It’s a well-known fact in indie publishing that it’s easier to sell books in a series. Once a reader enjoys the first book, they’re more likely to pick up the next, rather than move on to another author. The challenge I’ve always had is that I get bored easily. Three or four books with the same characters is really my maximum, and even then, each volume will usually be set in a different city or locale.
So a thirteen books series was never going to suit me – but I realised a few years ago that I could link individual books or series together, by setting them in the same world.
Enter The Eternal World, by far the most ambitious writing project I’ve ever attempted. What started as a means of connecting a few disparate series – ones which had enough in common to plausibly take place on adjacent continents, say – has expanded to encompass every single one of my high fantasy works-in-progress. To incorporate so many different settings, characters, and plots, it has continued to grow, and now covers something like fifteen thousand years of history, multiple continents, and a dozen connected realms.
It’s impossible for me to put into words how I’ve gone about this. The whole process has been remarkably organic, and started from very humble seeds. Perhaps these two books could take place in the same city – and perhaps this one is in the same country, a few hundred years before. But then what’s happening on the other side of the ocean? Where did this culture they keep mentioning spring up? Where does their magic come from?
I’ve answered questions like these, and hundreds more, repeatedly over the last few years.
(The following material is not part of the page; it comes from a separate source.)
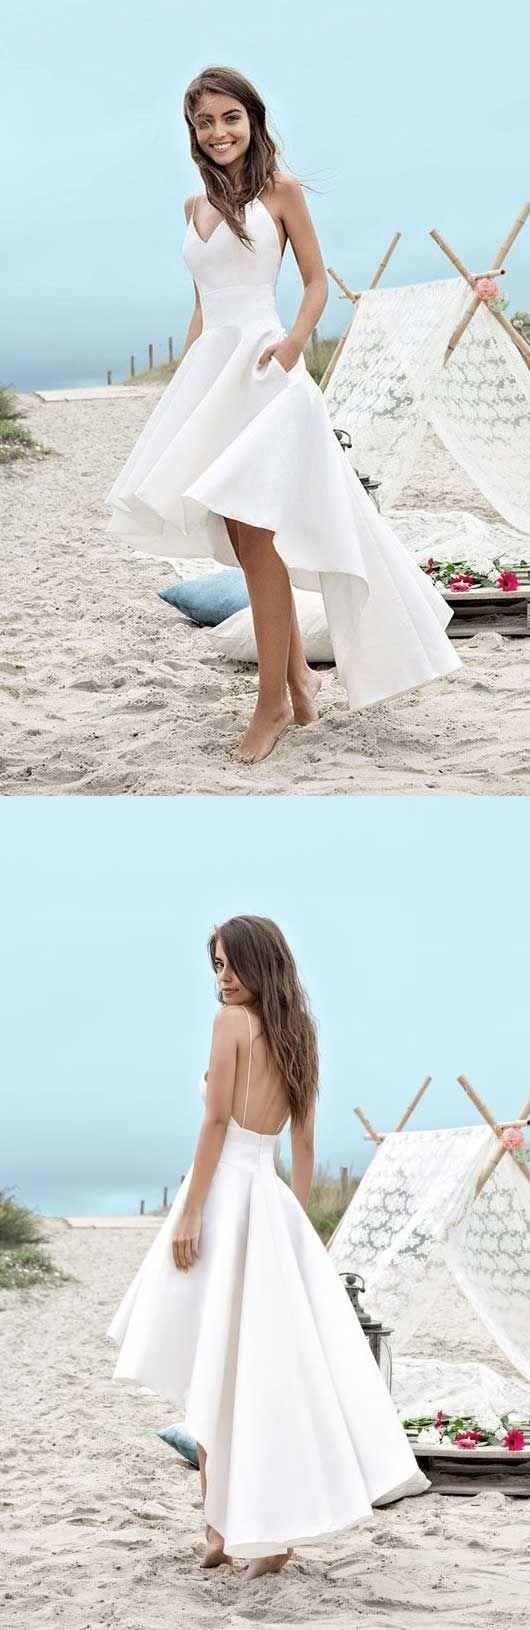 555 best Wedding Dresses images on Pinterest
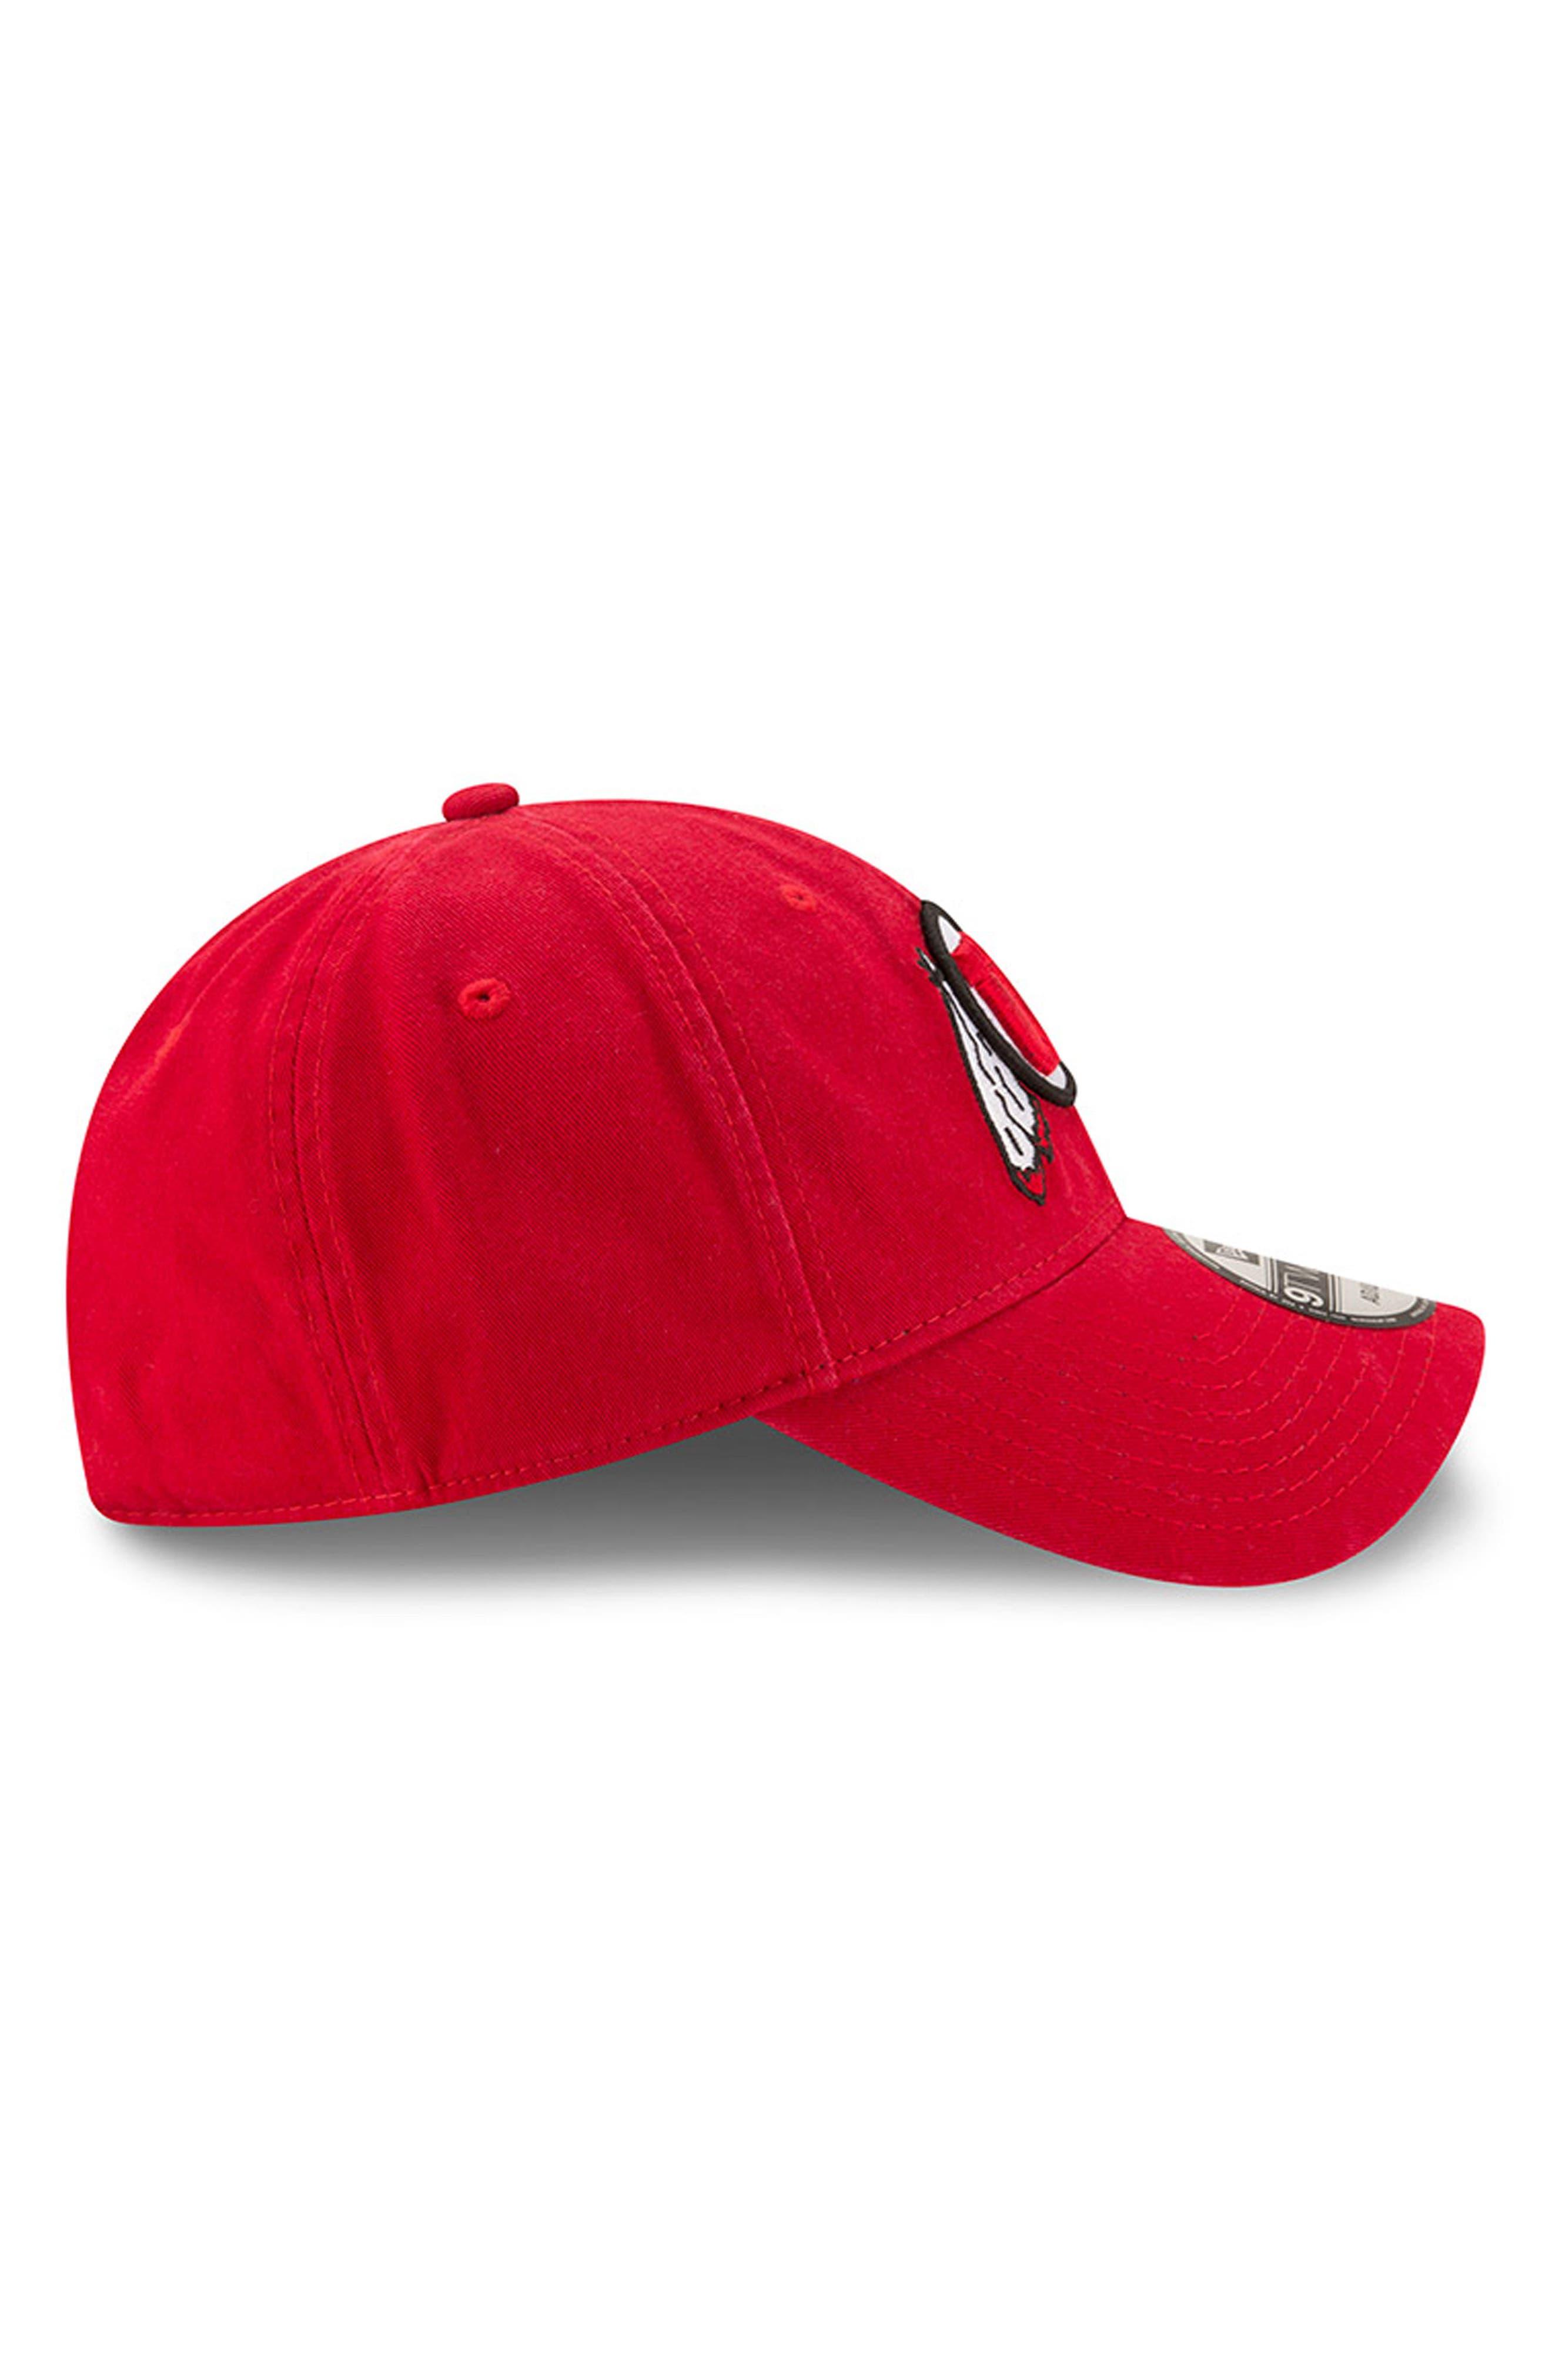 New Era Collegiate Core Classic - Utah Utes Baseball Cap,                             Alternate thumbnail 4, color,                             600

It’s been a monumental task to bring so many different stories into one world, without their inclusion feeling forced. Many are yet to be written, and none are yet published; I’m finding new connections between them all the time.
And that’s been the most interesting part of this whole process. My initial plans for one large world, full of stories that only tangentially overlapped, have instead become more complex. Every time I dive into another of these books, I start noticing the possible connections with other stories – characters who might appear elsewhere, histories that affect other places, intricacies of the magic or technology that have an impact on other series. Suddenly, those disconnected books have built themselves into a vast, highly connected web. There are links between them that readers might never notice, but I know they’re there.
This sounds, I know, both overwhelming and intimidating. There are times when it’s both, and I find myself drowning under the sheer weight of complexity this world has engendered. Ultimately, though, it’s been exhilarating. Each new connection inspires me to pursue a different story, or develop a different part of the world. Seeing grand arcs develop is thrilling; most of all, I’ve been continually surprised by what my brain can come up with, when pushed to put pieces together that don’t immediately seem to fit.
I’ve debated several times whether The Eternal World has reached its limits. There are books that don’t seem to have a place there, and ideas that just don’t belong. It’s the complexity and challenge of this project that keeps me coming back to it, though – and I hope to share more of both in the weeks to come.